Однако более плодотворным представляется понимание российской ситуации после 2012 года не как прямого отказа от правды и доказательств, а как принятие аллегорического понимания (или подхода) к правде, при котором событие описывается и изображается таким образом, чтобы раскрыть скрытый и высший смысл. Любой взгляд на отечественные российские СМИ или политиков как на полностью отвергающих всю концепцию правды имеет лишь ограниченную ценность, особенно в применении к эпохе после 2012 года. После возвращения Путина на президентский пост он, его СМИ и коллеги скорее используют понятия исторической правды и культурного сознания для выполнения функции правды - даже если не для того, чтобы говорить правду.
Чтобы понять, что это означает на практике, необходимо рассмотреть язык, на котором обсуждается (довольно абстрактное) понятие правды. В русском языке есть два слова, обозначающих истину: истина и правда. В то время как истина имеет коннотации существенной религиозной или духовной истины, правда имеет "коннотации справедливости и "правильности", по крайней мере, в той же степени, что и истина" (Lovell 2018). Концептуализация истины, обсуждаемая в связи с "исторической правдой" или " историей как правдой", переводится как pravda. Корни этого слова в словах "справедливость" и "праведность" указывают на моральный, а не юридический порядок, сформированный западными технократическими силами. Здесь важен и исторический контекст: советское наследие идеологического мышления с его пониманием мира с помощью рассуждений, основанных не на фактах, а на идеологии или аксиоматических предпосылках, возможно, также способствовало тому, что нынешние власти и СМИ стали рассматривать ложь и полуправду как разновидности "аллегорической" правды. Если существует традиция подчиняться или, по крайней мере, открыто не высмеивать и не оспаривать авторитетные интерпретации, которые прямо противоречат объективным фактам и реальности, это облегчает принятие таких моделей дискурса, когда они появляются вновь.

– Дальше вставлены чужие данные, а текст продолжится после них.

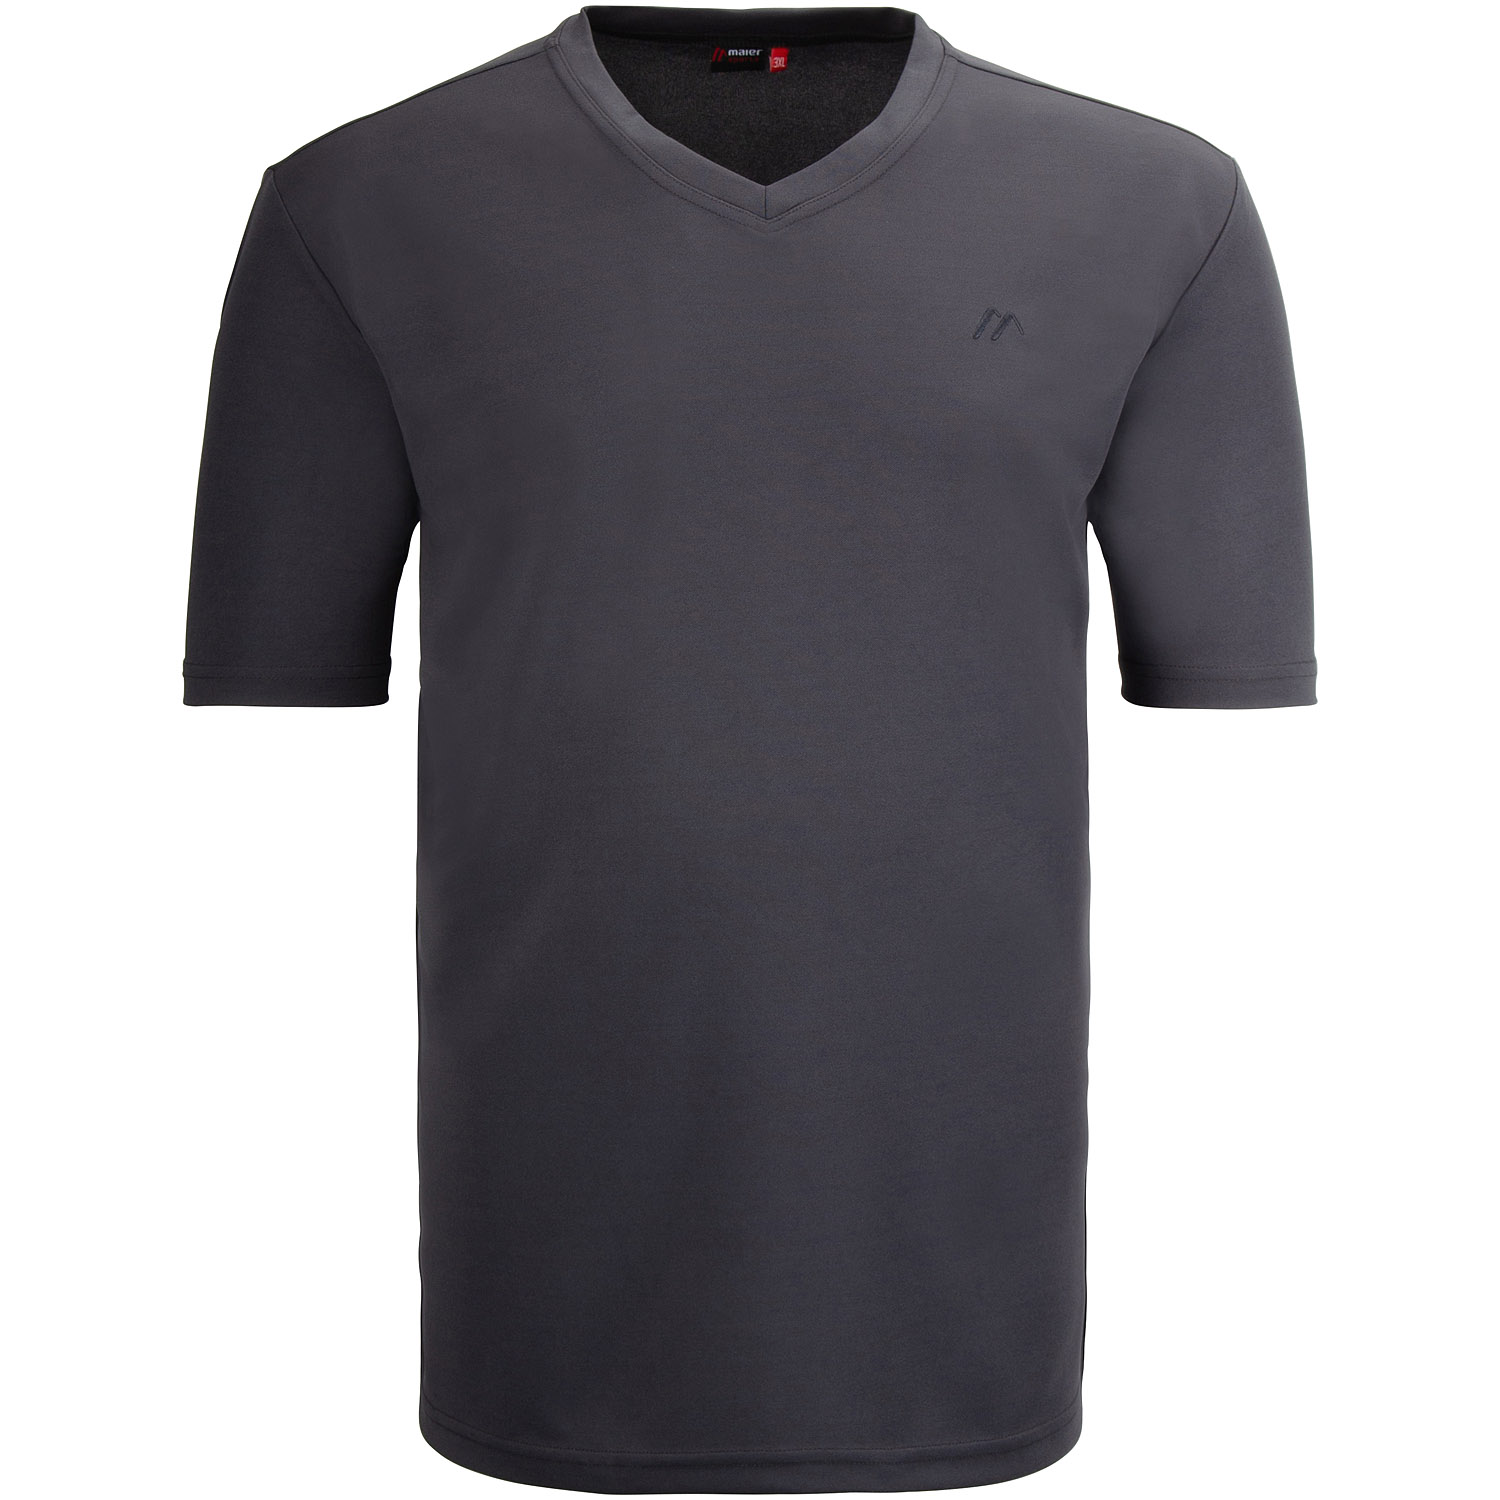 MAIER SPORTS T-Shirt grau Herrenmode kaufen in Übergrößen

Однако не стоит возлагать вину на коммунистическое прошлое России, поскольку в некоторых отношениях нынешний аллегорический подход Кремля можно рассматривать как отход от советской эпохи, когда власти тратили значительную энергию на то, чтобы "доказательства" соответствовали их истории. Если мы вернемся к легенде о "двадцати восьми панфиловцах" , рассмотренной ранее, то изучение того, как советские власти реагировали на попытки демифологизировать эту историю, обнаруживает интересные контрасты с подходом нынешних российских властей. Как уже говорилось в главе 5, советские власти подавляли доклады, такие как доклад Афанасьева, в котором делался вывод о том, что легенда является чистой фантазией, а сам Леонид Брежнев выступал с заявлениями о дискредитации доклада и сопутствующих слухов. Такие усилия, очевидно, были бы более эффективными в условиях жесткого ограничения информационного пространства СССР, но они также отражали стремление к тому, чтобы объективная истина совпадала с тем, что правительство хотело выдать за правду.